I can directly replace f(x)

otherwise :

$y=f(x) + \int^x_0 f(t)\,dt$

don't seem me elegant imho..

Thanks for the possible answers !

2. Originally Posted by Gustavis
Hello

it is correct to write:

$\int^x_0 f(x)\,dx$

or i need write ?

$\int^x_0 f(t)\,dt$ Mr F says: This is the one you want.
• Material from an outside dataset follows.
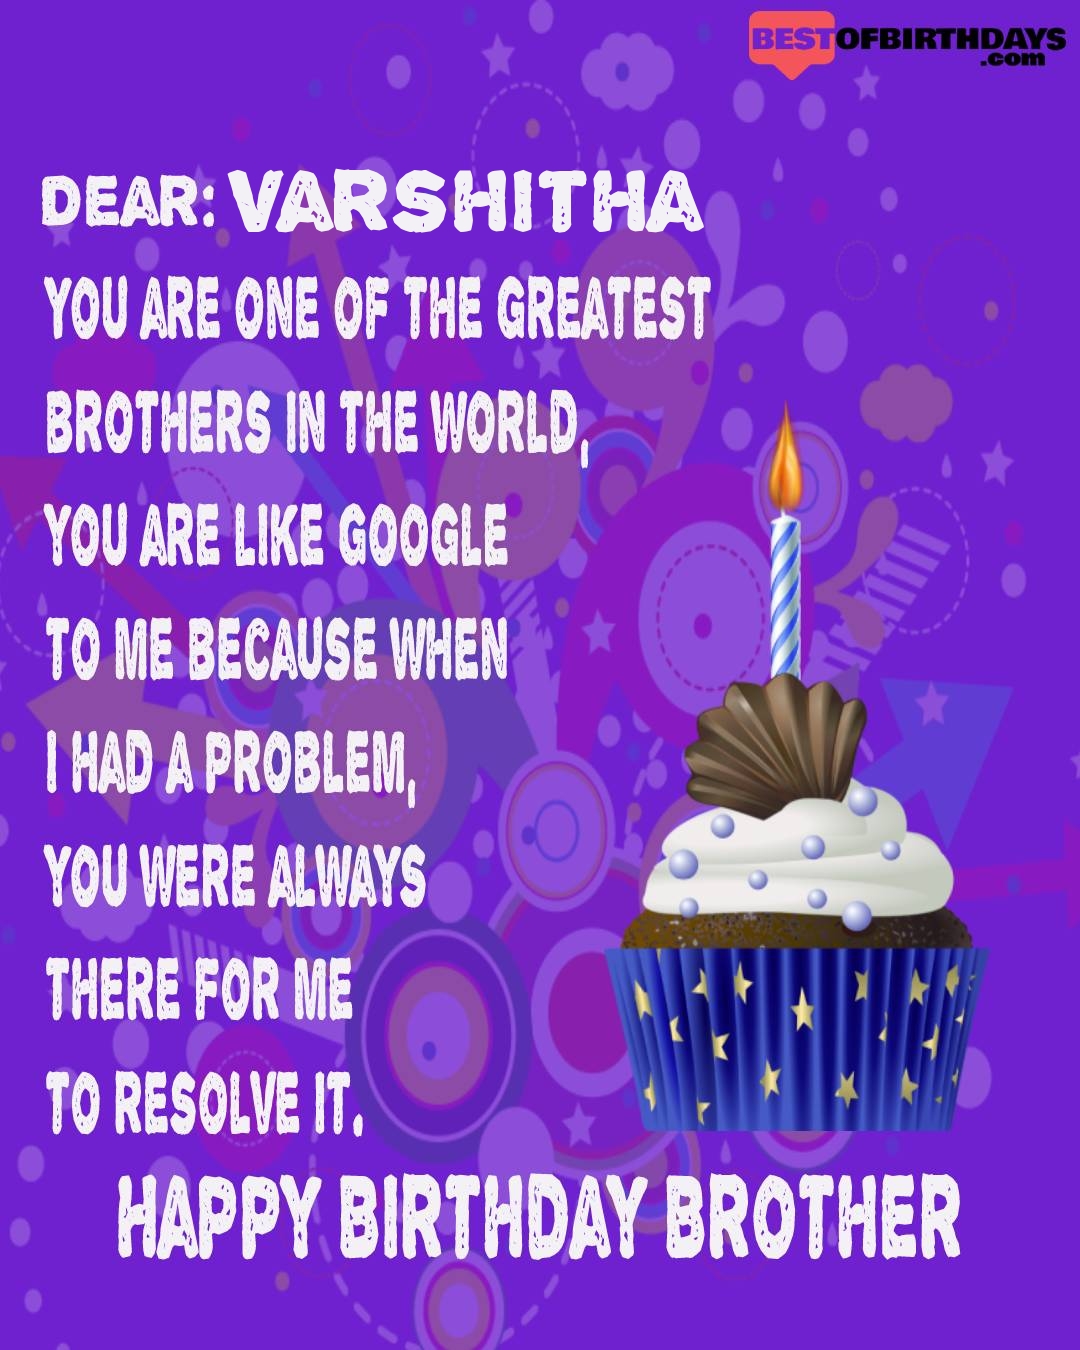 Happy birthday varshitha bhai brother bro

why ? Mr F says: Let me re-write your two choices and then you tell me which one doesn't make sense:

${\color{red}\int^{x = x}_{x = 0} f(x)\,dx}$

${\color{red}\int^{t = x}_{t = 0} f(t)\,dt}$

The question is :
if I need a substitution of f(x) in a formula :

$f(x)=sin(x)$

$y=f(x) + \int^x_0 f(x)\,dx$

I can directly replace f(x)

otherwise :

$y=f(x) + \int^x_0 f(t)\,dt$

don't seem me elegant imho..

Thanks for the possible answers !
..

3. Originally Posted by Gustavis
Hello

it is correct to write:

$\int^x_0 f(x)\,dx$

or i need write ?

$\int^x_0 f(t)\,dt$
As Mr. Fantastic indicatses, the second is far less confusing. In the first, you would have to recognize that you are using "x" to mean two different things- and that's never a good idea.

why ?

The question is :
if I need a substitution of f(x) in a formula :

$f(x)=sin(x)$

$y=f(x) + \int^x_0 f(x)\,dx$

I can directly replace f(x)

otherwise :

$y=f(x) + \int^x_0 f(t)\,dt$

don't seem me elegant imho..

Thanks for the possible answers !
Would you say that,, when x= 1, $y(1)= f(1)+ \int_0^1 f(1)d1$? That doesn't even make sense: there is no such thing as "d1"! If you write instead $y(1)= f(1)+\int_0^1 f(x)dx$ then you are recognizing that the "x" outside the integral and in the upper limit is NOT the same as the "x" inside the integral- and so you shouldn't use the same symbol!
Far better to write $y(x)= f(x)+ \int_0^x f(t)dt$ so that when x= 1, $y(1)= f(1)+ \int_0^1 f(t)dt$